= Tim Armstrong (writer) =

Scottish researcher

Timothy Currie Armstrong is a Scottish Gaelic punk musician, novelist, and academic from Seattle, Washington.

==Early life==
Armstrong was a member of several punk bands in Brunswick, Maine, in the late eighties, including Officer Friendly, while studying for a BA in biology at Bowdoin College; he graduated with honors in 1990. He stated in an interview for Radio nan Gàidheal that he has thirteen tattoos, many of which were from this period of his life, expressing his rebellious punk values and pacifism. After spending some years living in Scotland and meeting other Gaelic-speaking punks such as Ruairidh of Oi Polloi, he started learning Gaelic.

==Mill a h-Uile Rud==

The band, whose name translates as "Destroy Everything", formed in 2003 and retain their original line-up of Armstrong (vocals, guitar), Sgrios a h-Uile Rud (vocals, bass) and Sìne Nic Anndrais (drums).

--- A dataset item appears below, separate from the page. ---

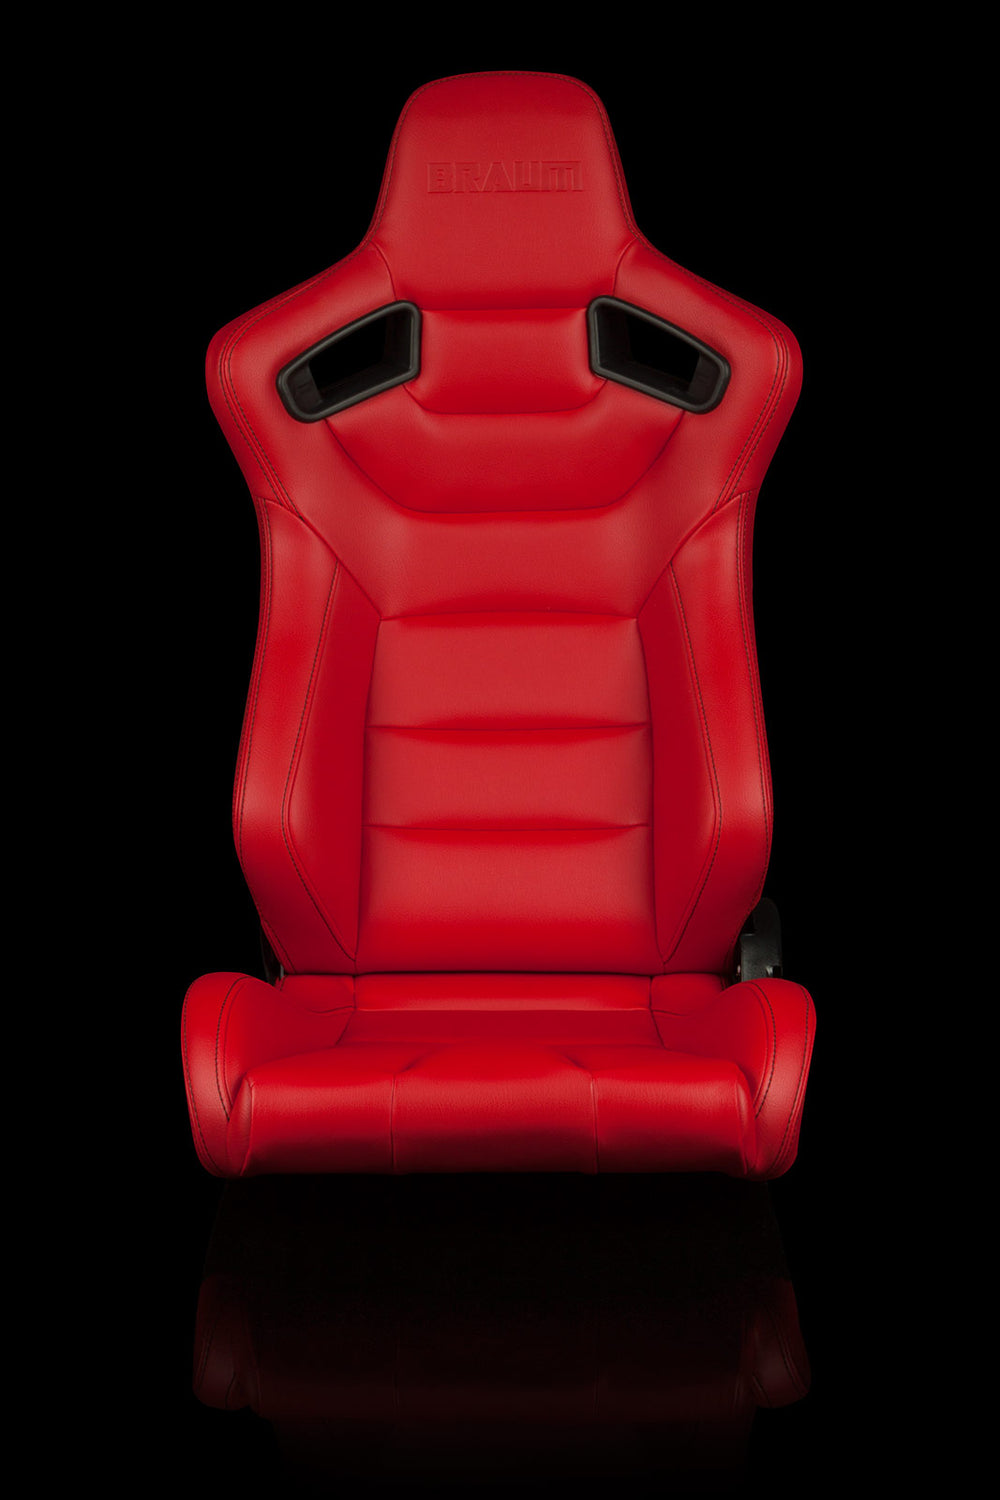 ELITE SERIES RACING SEATS (RED) – PAIR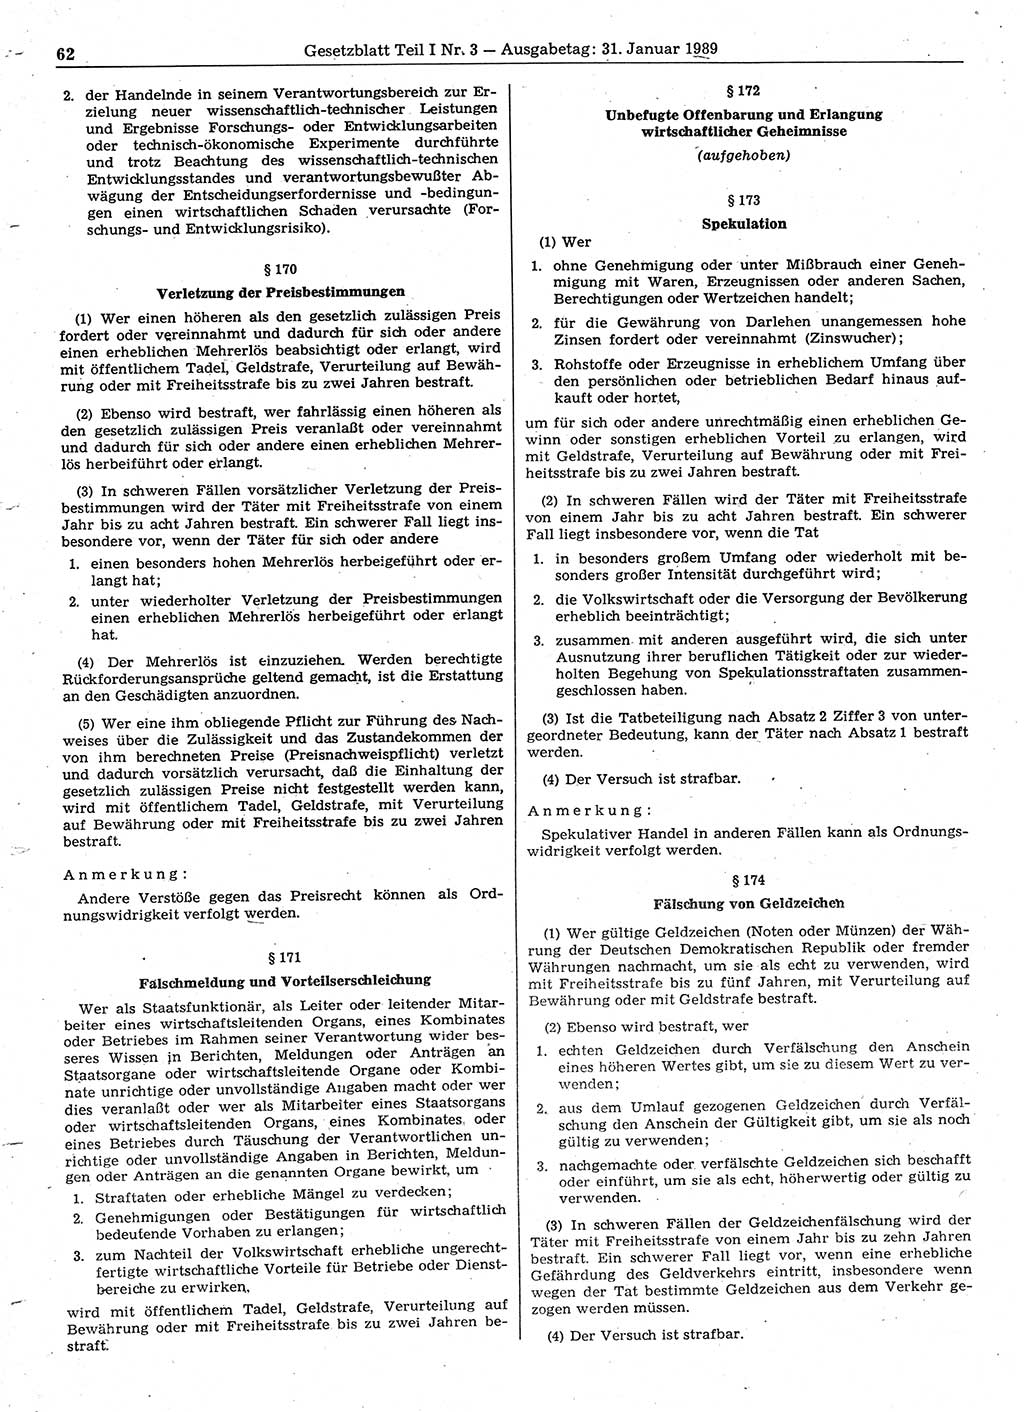 Gesetzblatt (GBl.) der Deutschen Demokratischen Republik (DDR) Teil Ⅰ 1989, Seite 62 (GBl. DDR Ⅰ 1989, S. 62)

In April 2005, Mill a h-Uile Rud embarked on a European tour with Oi Polloi, another Scottish Gaelic punk band, which took them to Scotland, Belgium, the Netherlands, Germany and Poland. Much of this tour was filmed by BBC Alba for a Gaelic television documentary on Mill a h-Uile Rud and Gaelic punk. They have also played in Stornoway, on the sparsely populated Isle of Lewis, the largest town in the Western Isles of Scotland. They also recorded a live session for the BBC Radio nan Gaidheal nighttime 'Rapal' program which is broadcast nationally in Scotland.

==In Scotland==
In 2005, Armstrong moved to Scotland full-time to study sociolinguistics and language revival at Sabhal Mòr Ostaig, earning a BA in Gaelic Language and Culture in 2006 and a Ph.D. in 2009. The band is less active, although it still performs from time to time when Armstrong is back in Seattle. Armstrong was also involved in the Gaelic techno/hip-hop act, Nad Aislingean, the Gaelic rock band, Na Gathan. He is currently a researcher and senior lecturer in Gaelic and Communication at Sabhal Mòr Ostaig.

==Air Cuan Dubh Drilseach==

Air Cuan Dubh Drilseach is a science fiction novel written in Scottish Gaelic by Armstrong and published by CLÀR in 2013. It was launched in Edinburgh with Mill a h-Uile Rud's contemporaries Oi Polloi at an illegal street gig on Leith Walk outside Elvis Shakespeare, and later at The Cruz boat on The Shore with Comann Ceilteach Oilthigh Dhun Eideann and CLÀR. Air Cuan Dubh Drilseach is the first hard science-fiction novel in Gaelic written for adults. The story combines elements of space opera, dark cyberpunk, romance and rock-band road-trip adventure. The central conceit of the novel is that in space, everyone speaks Gaelic, allowing the author to create an entirely Gaelic-speaking world for the characters. In 2013, Air Cuan Dubh Drilseach won the Saltire Society Scottish First Book of the Year Award.